* Dataset extract

◇ ◇ ◇ ◇ ◇ ◇ ◇

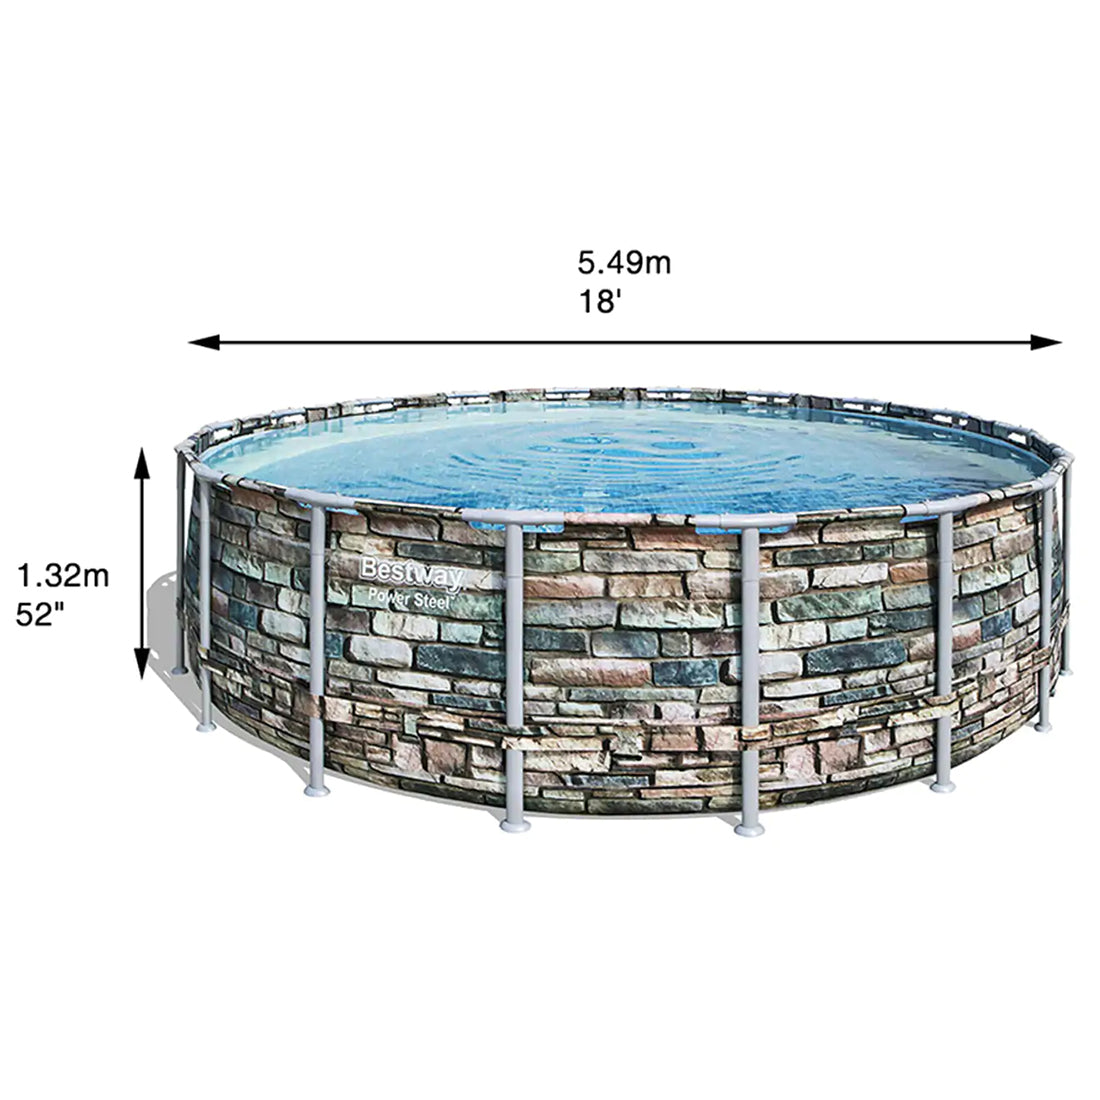 Bestway Power Steel™ Round Above Ground Swimming Pool Kit - 5.49m x 1.32m
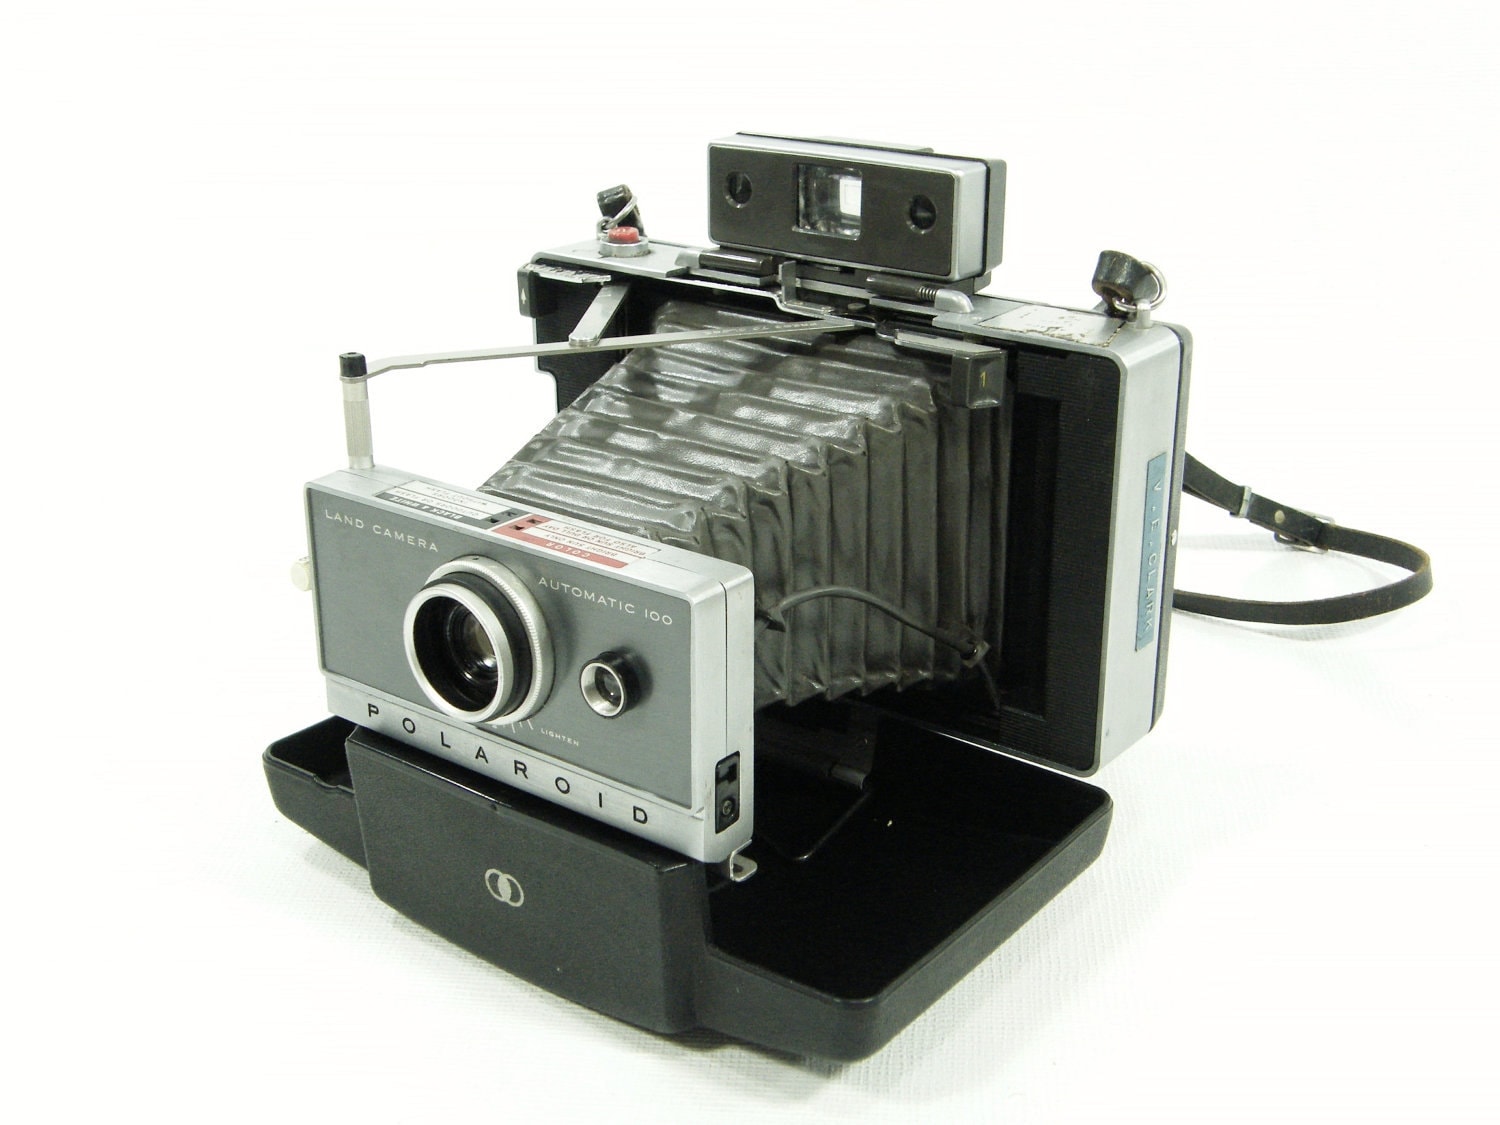 Polaroid Land Camera Vintage model 100
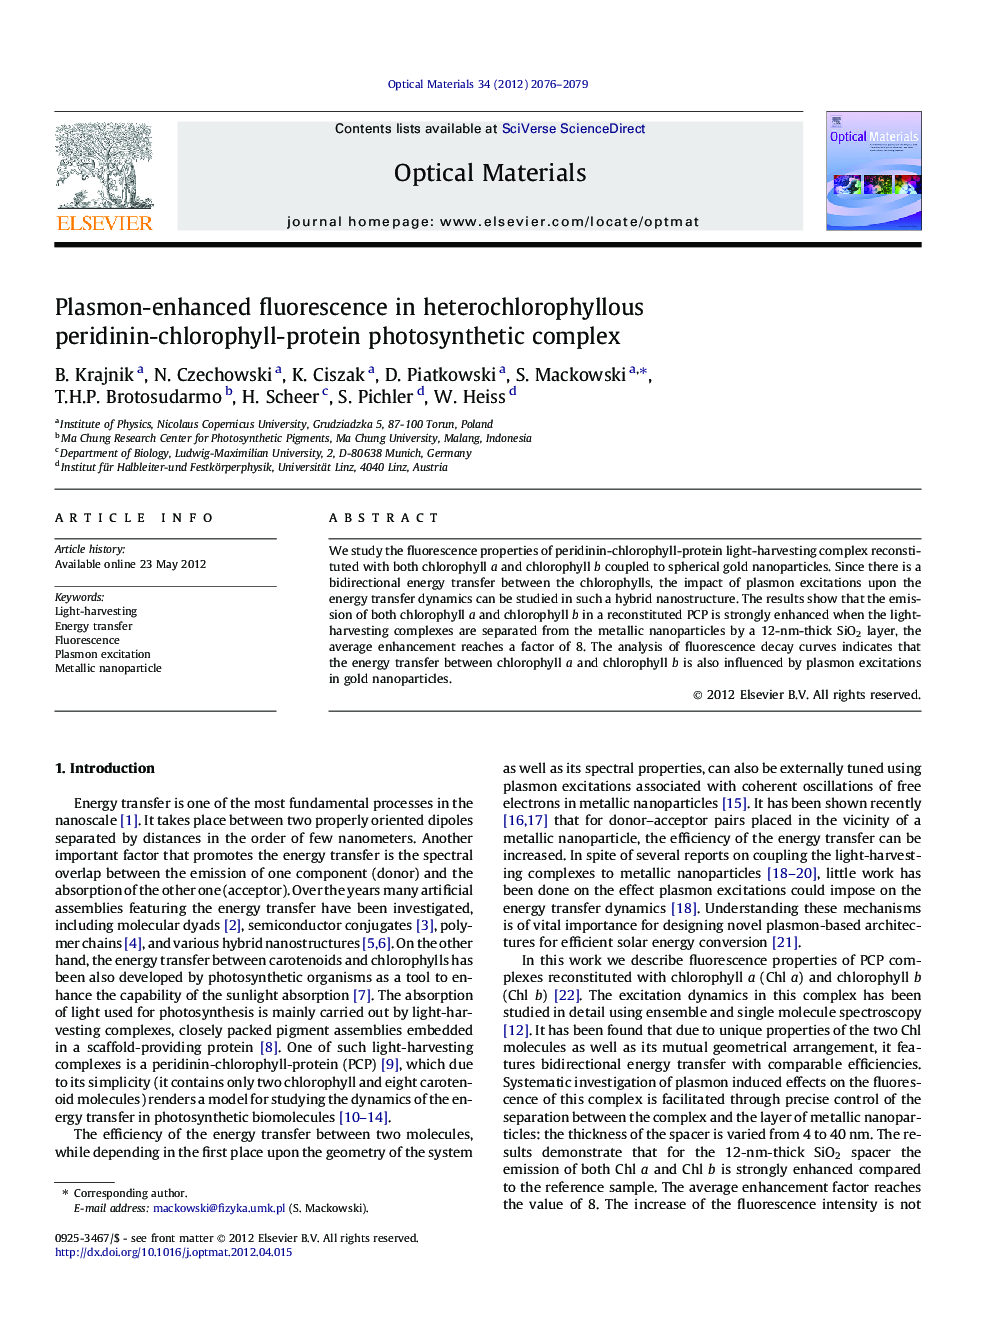 Plasmon-enhanced fluorescence in heterochlorophyllous peridinin-chlorophyll-protein photosynthetic complex

◇ ◇ ◇ ◇ ◇ ◇ ◇

Print the entire listing precisely as written, omitting the images it holds.

 Bestway Power Steel™ Round Above Ground Swimming Pool Kit - 5.49m x 1.32m
 Polaroid Land Camera Vintage model 100
 Plasmon-enhanced fluorescence in heterochlorophyllous peridinin-chlorophyll-protein photosynthetic complex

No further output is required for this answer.